Further, the Markov game model comprises; s3.1 setting State spaceState space->Comprising distribution network areas->Active power and reactive power of all nodes in the photovoltaic power generator, active power and reactive power of photovoltaic power generator and node voltage amplitudeTime +.>Status information of the internal parallel capacitor bank and the phase change switch; s3.2 setting action space->The reactive power output value of each photovoltaic inverter in the area is calculated; s3.3 setting a reward function->A reward function for representing underlying multi-agent sharing; every +.>And at time intervals, obtaining a corresponding action strategy through each intelligent agent according to the local state information in the area, then carrying out load flow calculation of the three-phase asymmetric power distribution network to obtain measurement information such as voltage amplitude values of all nodes, finally calculating a reward function value at the current moment on the basis, and transferring the three-phase asymmetric power distribution network to the next moment.
It should be noted that in multi-agent reinforcement learning, each agent will have its own cost function and will autonomously learn and formulate strategies based on environmental observations and interactions with the goal of maximizing its utility value.
Further, since each agent does not take into account the impact of its policies on other agents when interacting with the environment. Thus, there may be a competition or collaboration situation under the influence of multiple agents interacting with each other. While multi-agent decisions can be specifically analyzed using game theory. For different multi-agent reinforcement learning scenes, different game frameworks can be adopted to simulate interaction scenes, and the three categories can be divided as a whole.
For example, a static game in which all agents make decisions at the same time and each agent makes only one action. Since each agent acts only once, it can make some unexpected fraud and traitor strategies to benefit itself from gaming. Thus, in static gaming, each agent needs to consider and protect against fraud and traitors of other agents in making policies to reduce its own losses.
For example, a repeated game is one in which multiple agents take repeated decision actions in the same state. Thus, the total cost function for each agent is the sum of its value at each decision action. Compared with static game, repeated game greatly avoids malicious action decisions among multiple agents, so that the sum of total benefit values of all agents is improved as a whole.
By way of example, random gaming (or markov gaming) may be considered a markov process in which there are multiple agents making action decisions in multiple states. Each intelligent agent can make an optimal action decision for improving the self-cost function through observing the environment and predicting the actions of other intelligent agents according to the state of the intelligent agent.
Further, solving the Markov game model includes; s3.4, considering local observation state information and action information of the intelligent agent, and considering contribution degree of local information of other intelligent agents; s3.5 based on three trainable parameter sharing matrices, all evaluation networks can be iteratively updated by minimizing the joint regression loss function: s3.6, each agent can update the parameters of the own action network based on the gradient strategy; and S3.7, updating target network parameters so that each intelligent agent selectively pays attention to related information of other intelligent agents in the Q value estimation process.

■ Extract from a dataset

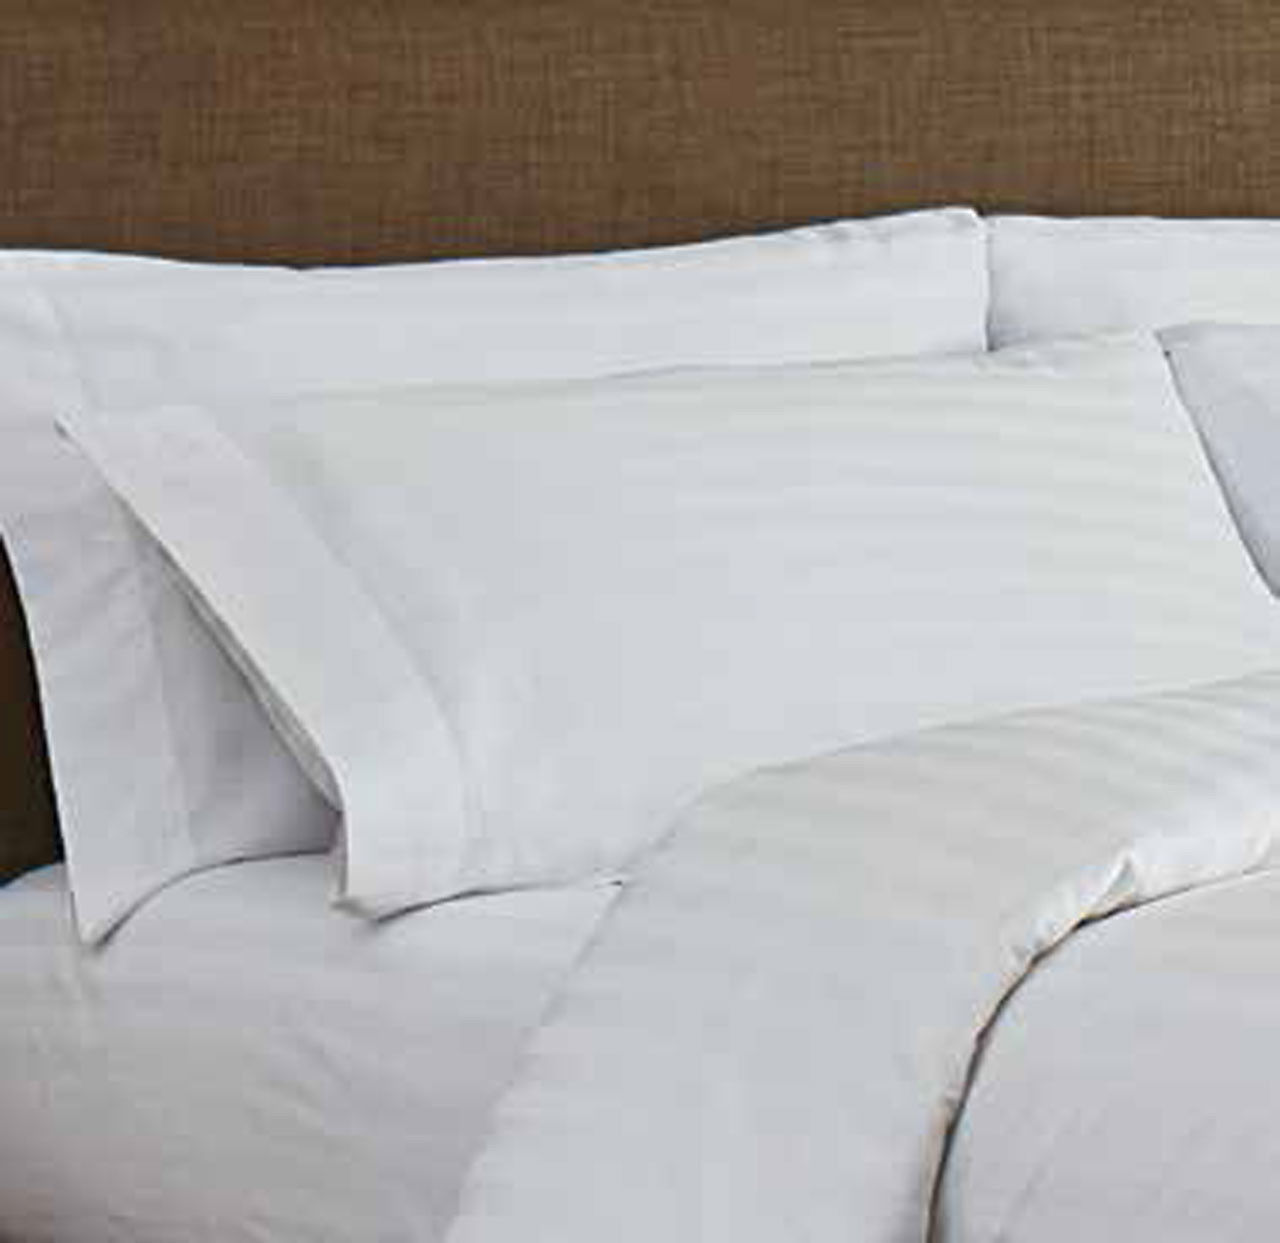 Welspun T-220 White Tone on Tone Stripe Sheets Questions & Answers

In this embodiment, parameters of the MAAC method used in the training process for solving the Markov game model are as follows:
in combination with the related principles of the above embodiments, the related data is further added to demonstrate the feasibility. Specifically, the three-phase unbalanced current represents the advantage of the proposed control method in the aspect of compensating the three-phase unbalanced current, and in order to introduce a compensation degree index to quantify the treatment effect of the current unbalance, the compensation degree of the negative sequence and zero sequence current components is respectively defined as follows:
(16)
(17)
wherein in the formulas (16) and (17), andThe compensation degree of positive sequence, negative sequence and zero sequence current components respectively;Andthe amplitudes of the current components of the negative sequence before and after reactive power compensation are respectively; andThe amplitudes of the zero sequence current components before and after reactive power compensation are respectively obtained. Then, respectively randomly extracting two typical days from sample data of a test set, and testing 960 groups of sample data to obtain the average zero sequence current, the average negative sequence current and the compensation degree value in the test set as follows:
furthermore, in the control method, the average negative sequence current component and the average zero sequence current component which pass through the transmission and distribution connection node in the test set are greatly reduced compared with the original value, the compensation degree is more than 55%, and the advantages of the method in the aspect of three-phase unbalanced current compensation are verified.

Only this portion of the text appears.